In a large, diverse real-world cohort, mRNA-1273 demonstrated slightly greater effectiveness than BNT162b2 in preventing documented SARS-CoV-2 infection over the first 90 days after full vaccination, while both vaccines showed similar effectiveness in preventing severe outcomes (hospitalization, ICU admission, death, or transfer to hospice). These findings support the high effectiveness of both vaccines against severe Covid-19 and indicate a modest incremental benefit of mRNA-1273 for reducing infections that may have meaningful population-level implications.

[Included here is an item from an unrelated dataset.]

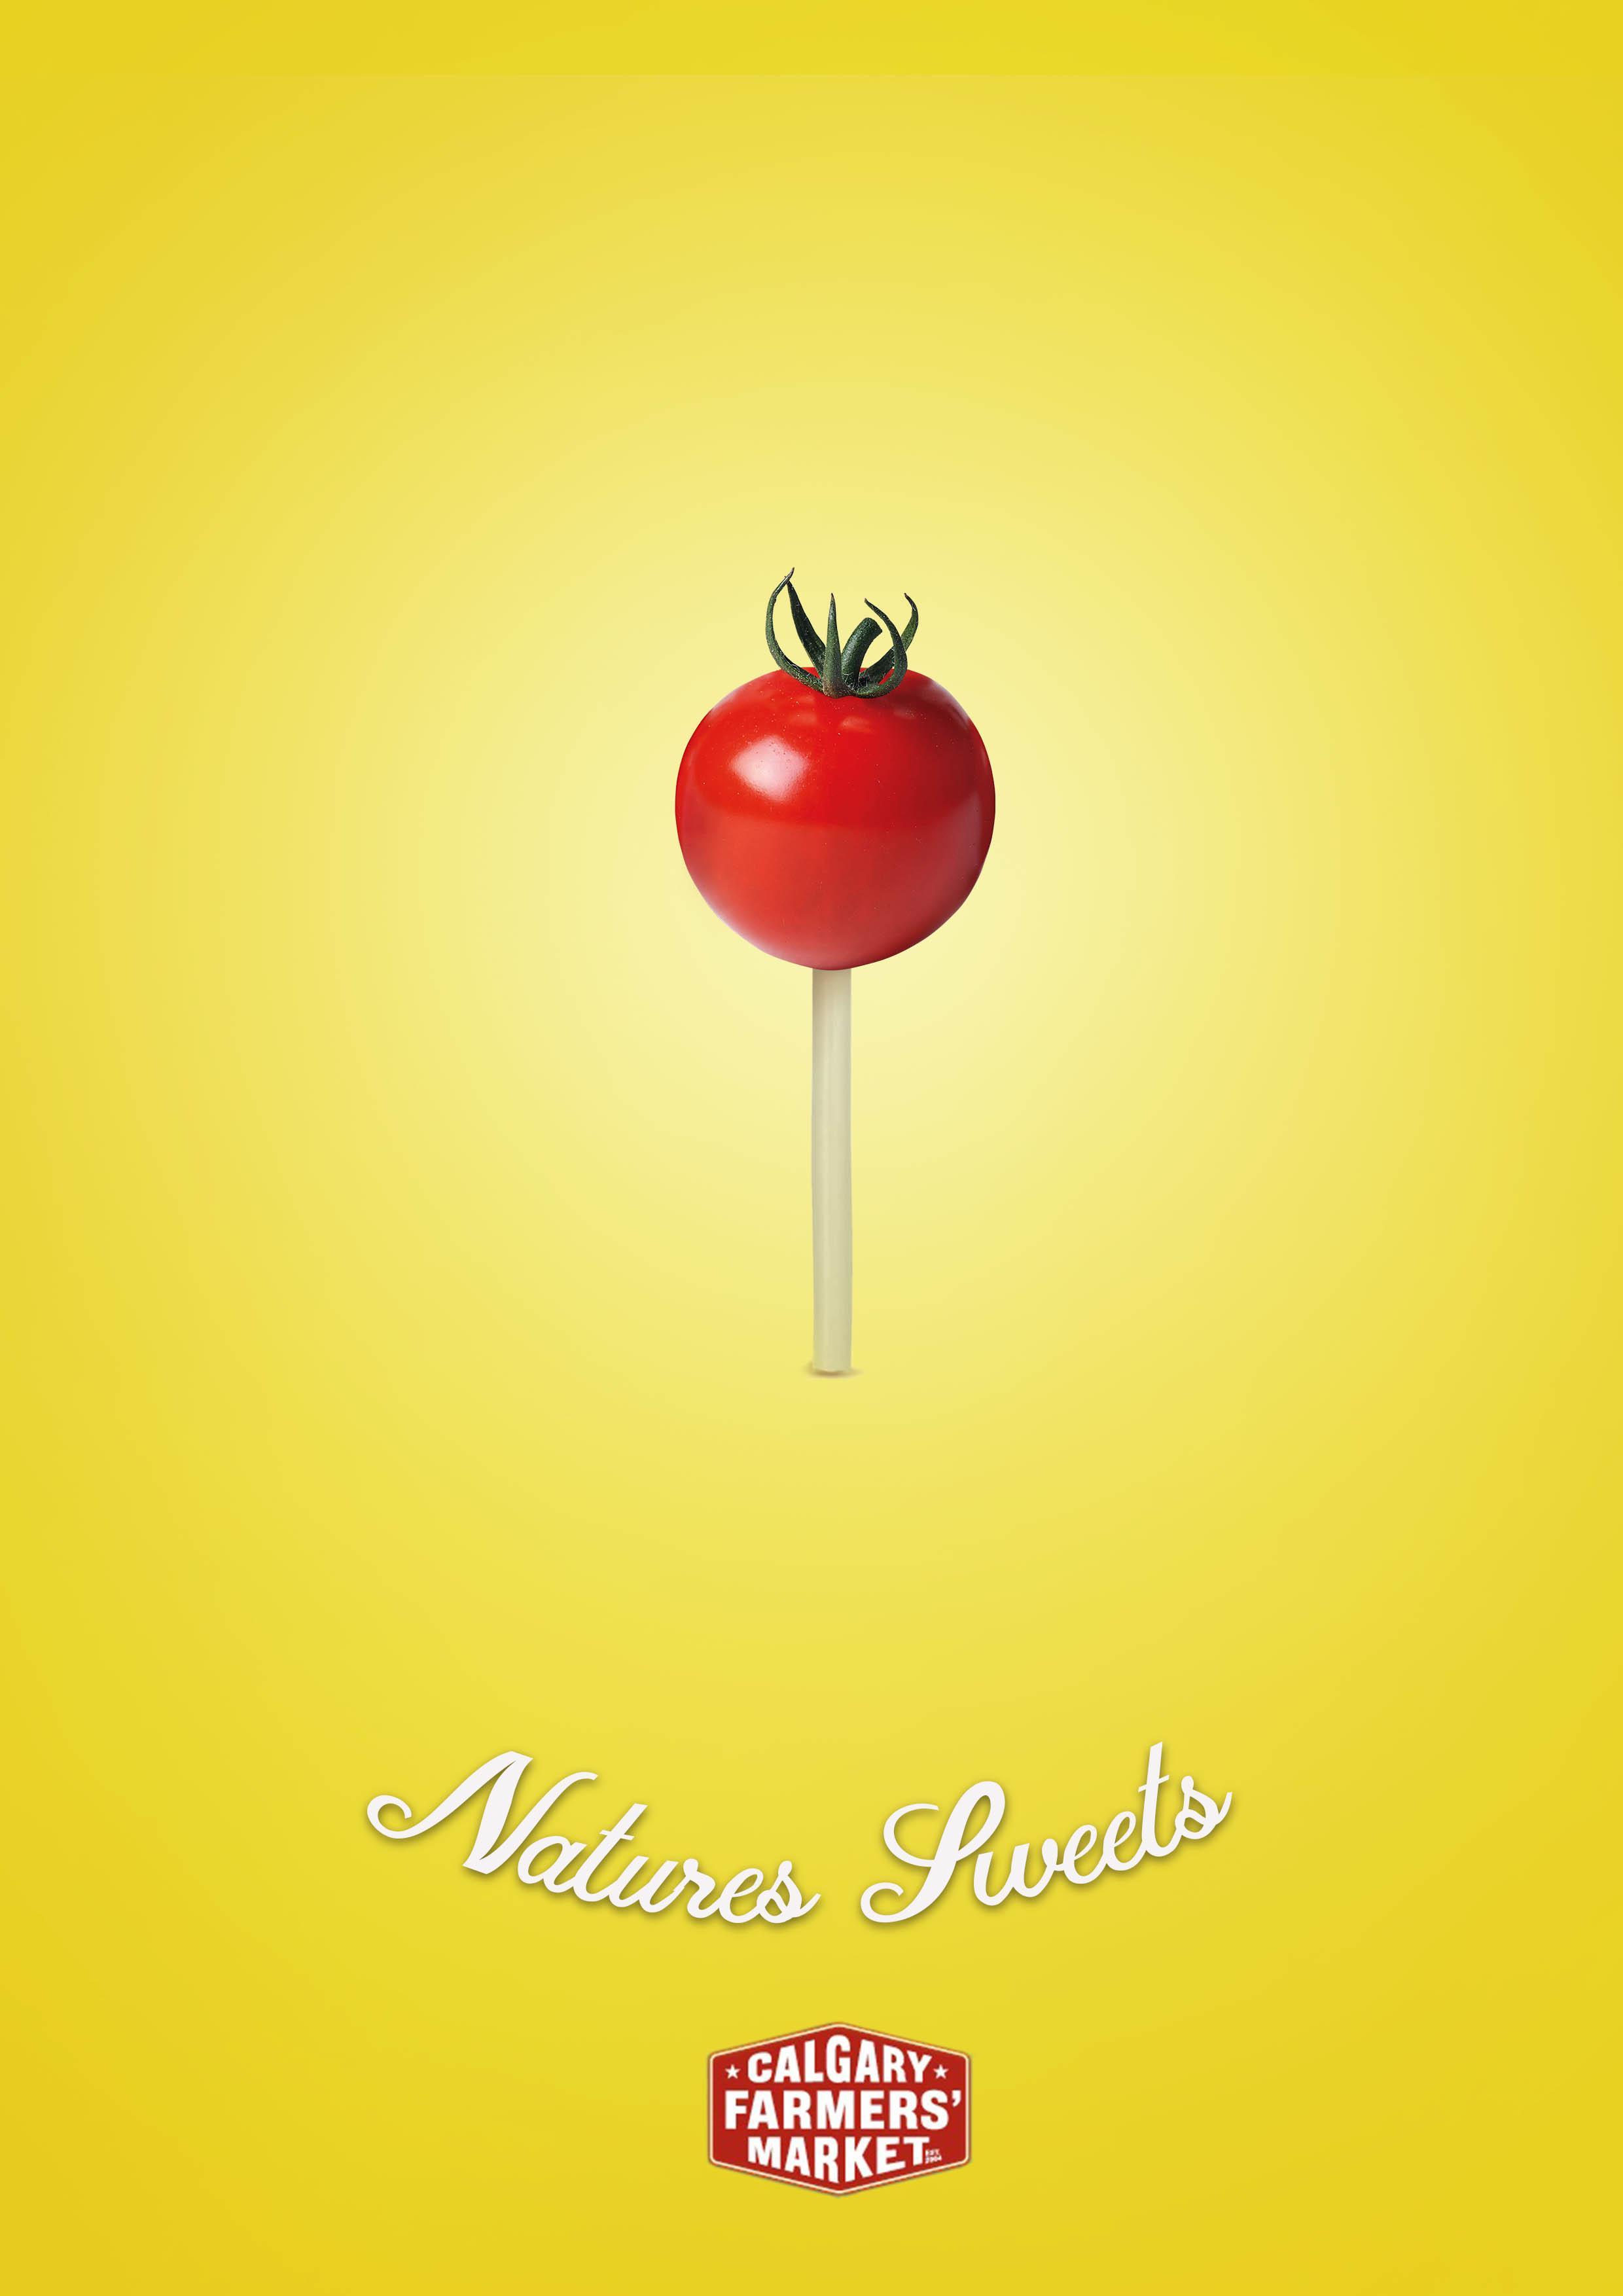 Calgary Farmers' Market Print Ad - Tomato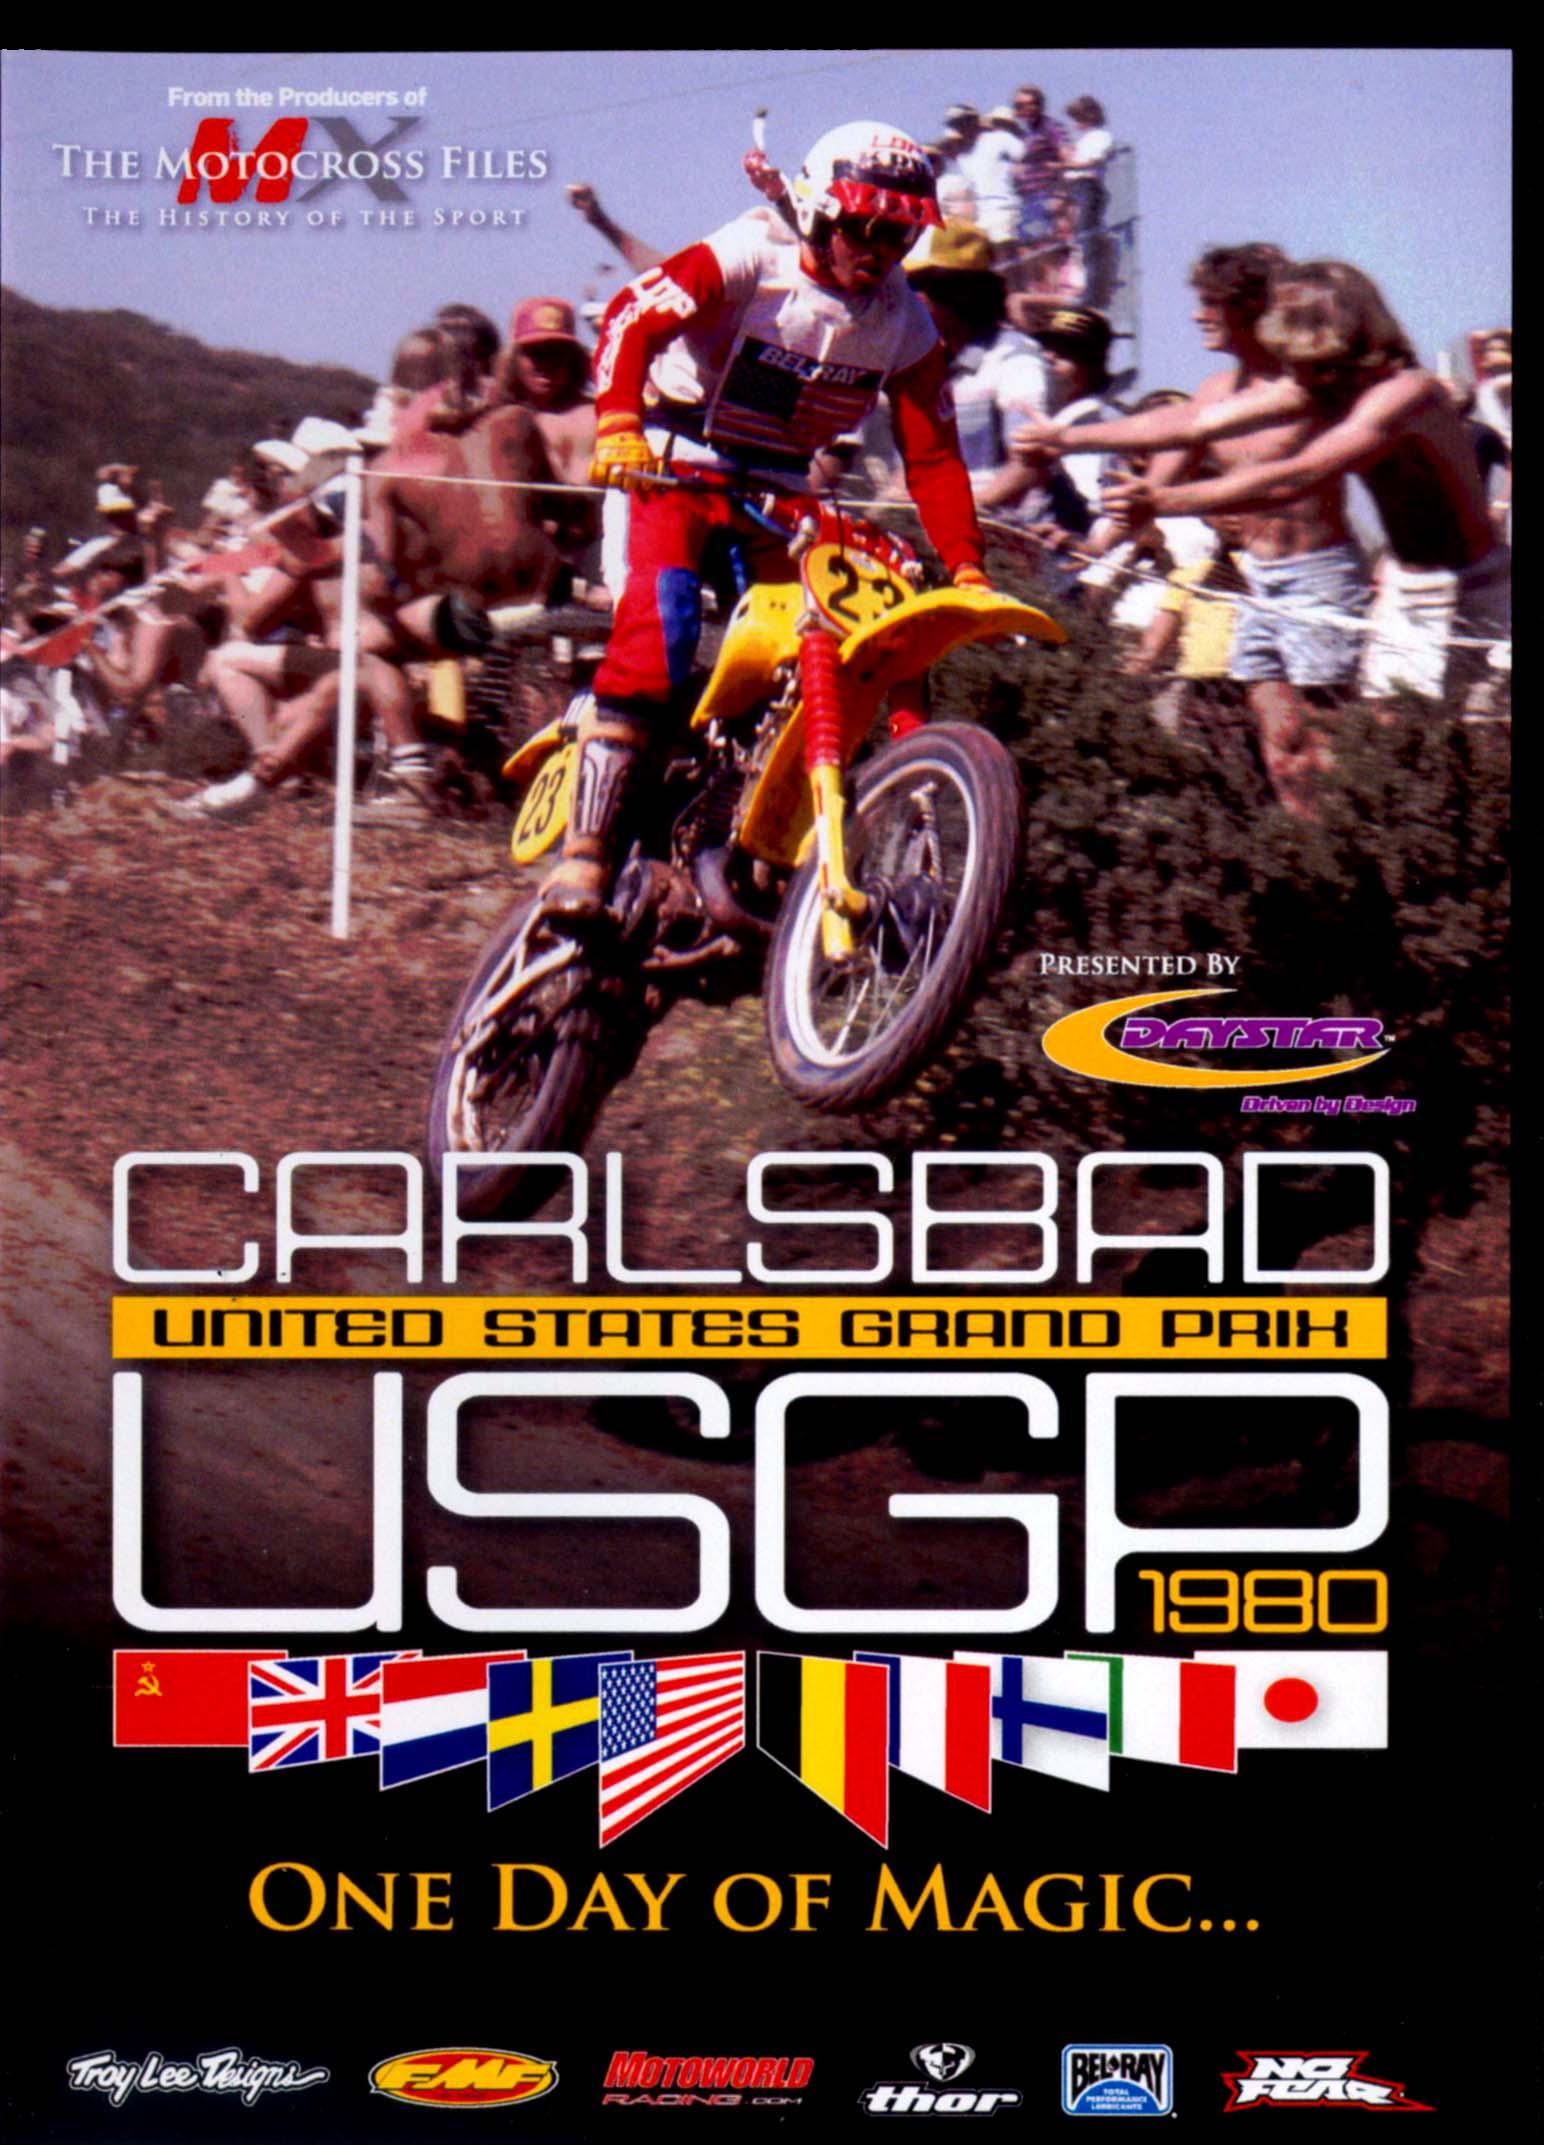 The Carlsbad USGP 1980

- Severe adverse events were rare, limiting statistical power to detect small differences between vaccines for hospitalization, ICU admission, death, or hospice transfer. - Different analytic cohorts were used for 30-, 60-, and 90-day outcomes; between-model comparisons are not valid due to differing populations across models. - Outcomes for infection reflect a care-seeking population identified via claims (ER, outpatient, inpatient encounters), which may under-ascertain asymptomatic or non-care-seeking infections. - Follow-up was limited to 14–151 days after the second dose, so longer-term comparative effectiveness was not assessed. - As an observational claims-based study, residual confounding may remain despite adjustment, propensity methods, and negative control outcome checks.